Mr Buffett said Berkshire Hathaway had $40bn of surplus cash looking for a home, adding he was interested in buying more utility companies, including UK water and electricity companies. He already owns Northern Electric. "There is no limit to the funds we have available for the right acquisition. The bigger the better," he said. "If you have a big one out there, try us out."

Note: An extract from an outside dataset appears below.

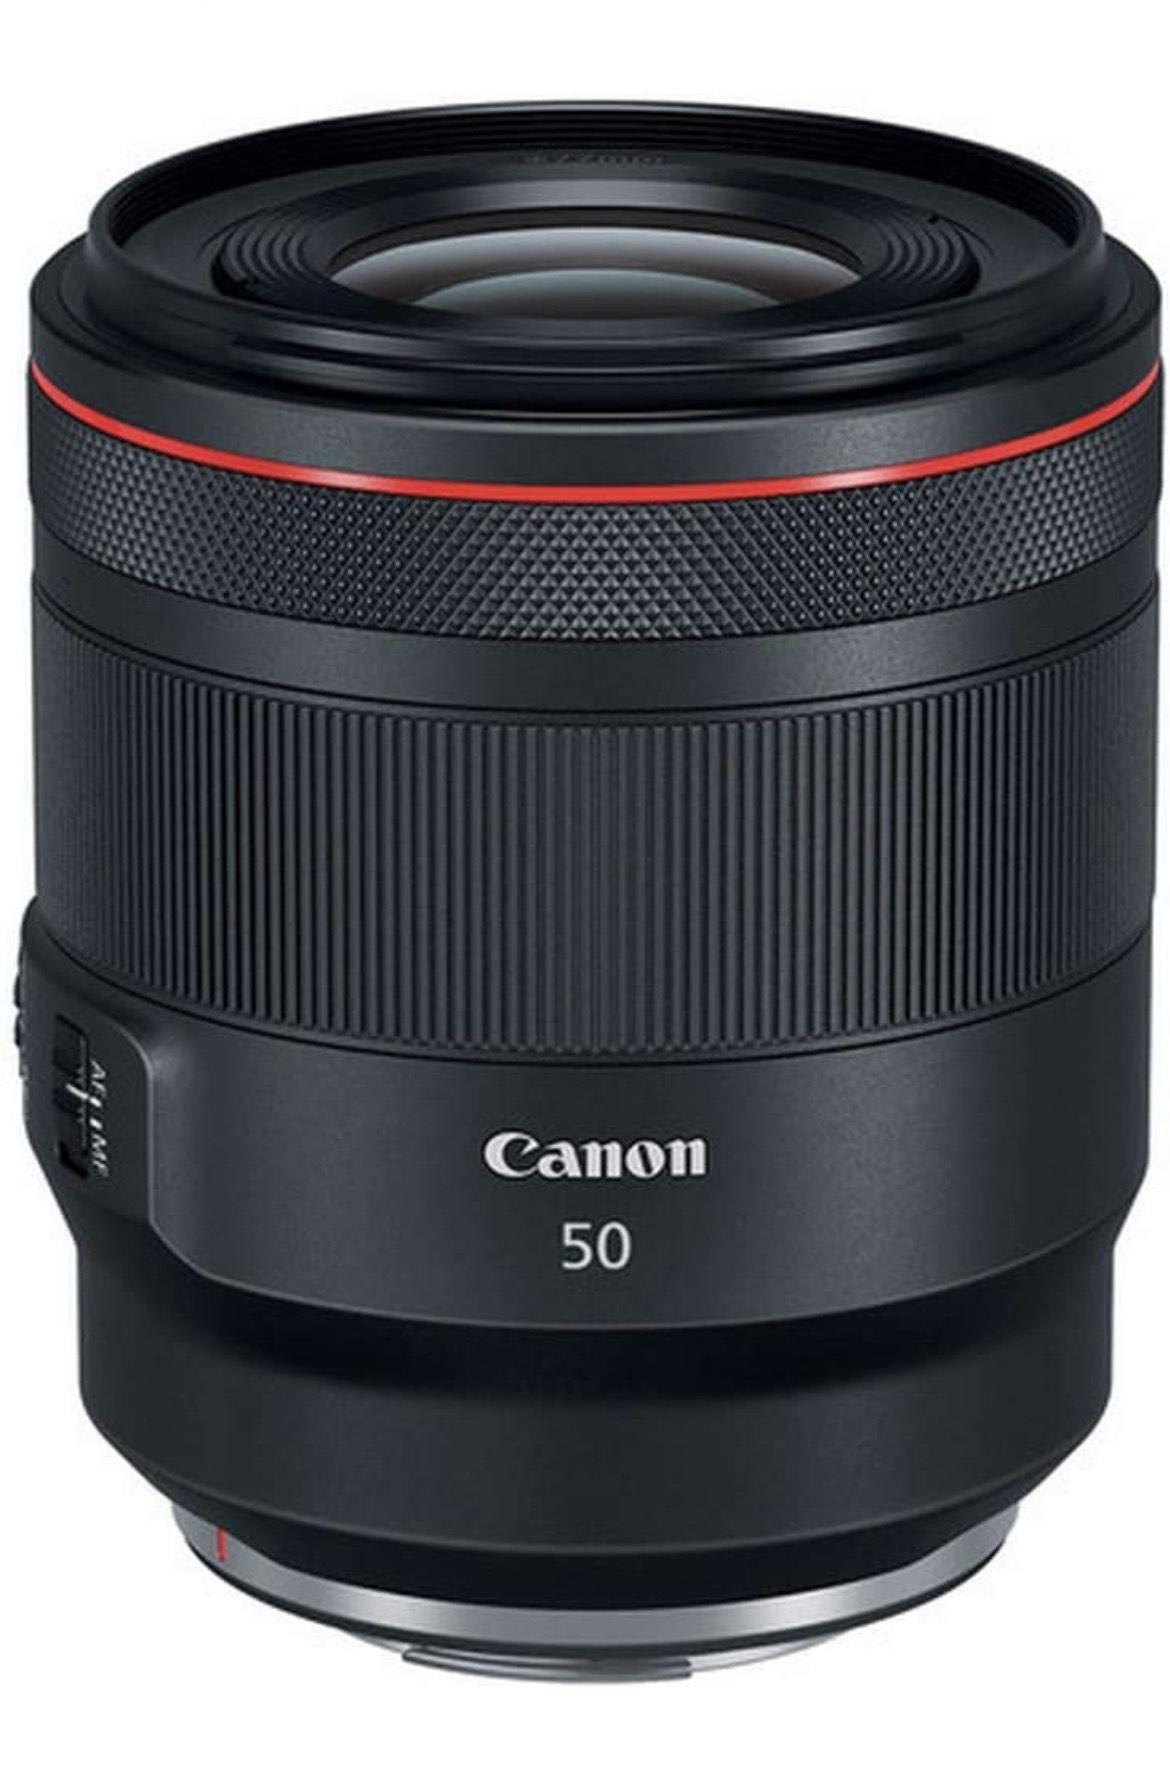 [Précommande] Objectif Canon RF 50mm - F1.2L, USM
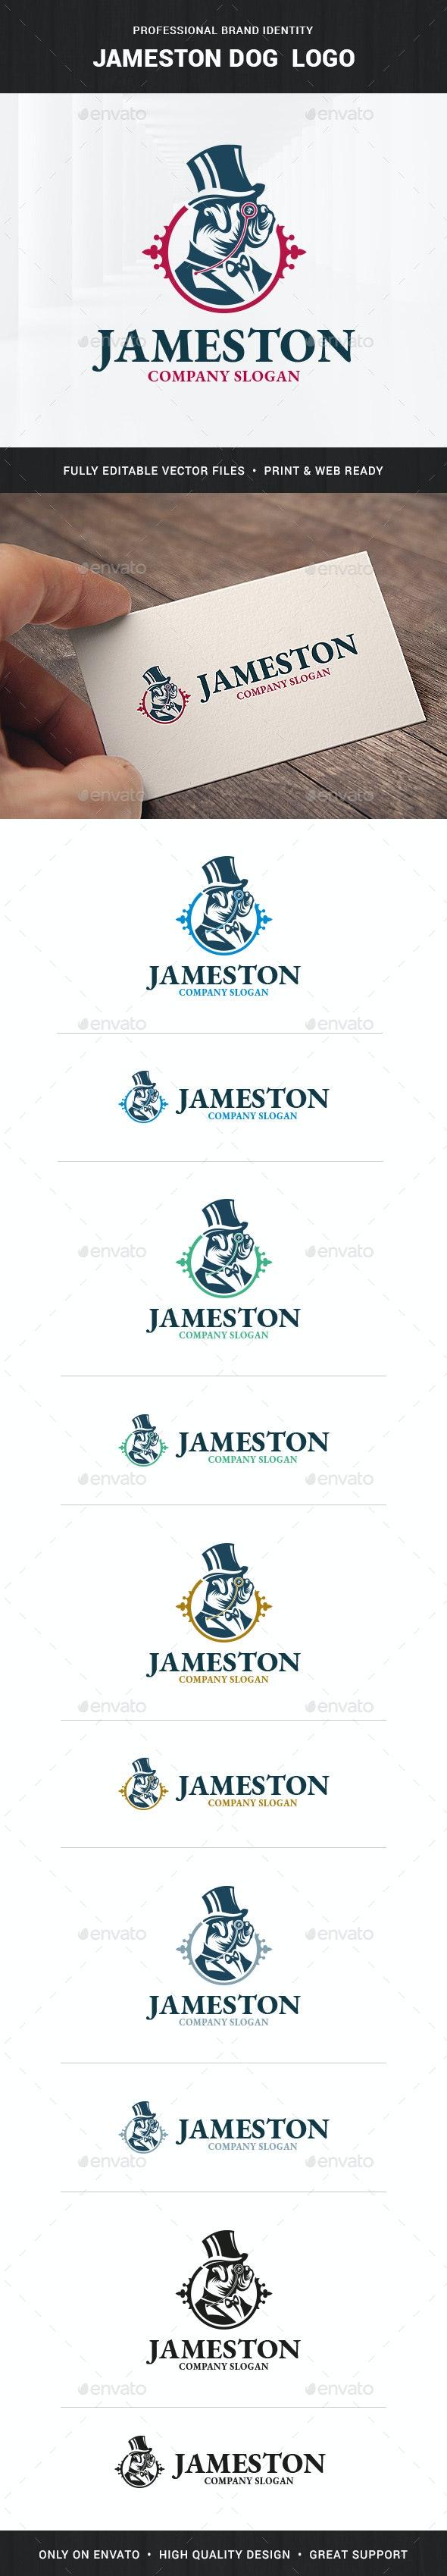 Jameston Dog Logo Template - Animals Logo Templates

MidAmerican's acquisition of PacifiCorp will have to gain approval from the US Securities and Exchange Commission, the Justice Department, the Federal Energy Regulatory Commission and local regulators in each of the six West Coast states where PacifiCorp operates. But David Sokol, the chairman and chief executive of MidAmerican, said that he was "highly confident" of completing the deal within 12 months.

Burnt in the USA

* Midland Bank bought into the Californian bank Crocker National in 1981, but Latin American debts and hefty write-offs on property loans meant the hoped for profits never rolled in. The UK bank lost more than £1bn on Crocker before selling the business to the US financial group Wells Fargo in 1986.

* Lord Simpson paid $6bn for two US telecoms groups, Reltec and Fore Systems, in 1999 but wrote off the assets in 2001. In 2003 Marconi shareholders were all but wiped out in a $4bn debt restructuring, although its US operations did return to profit last year.

* Stagecoach bought the American bus operator Coach USA for $1.7bn in 1999, only to sell off two-thirds of the business and book a $900m charge in 2002 after being hit by the tourist downturn after 11 September 2001.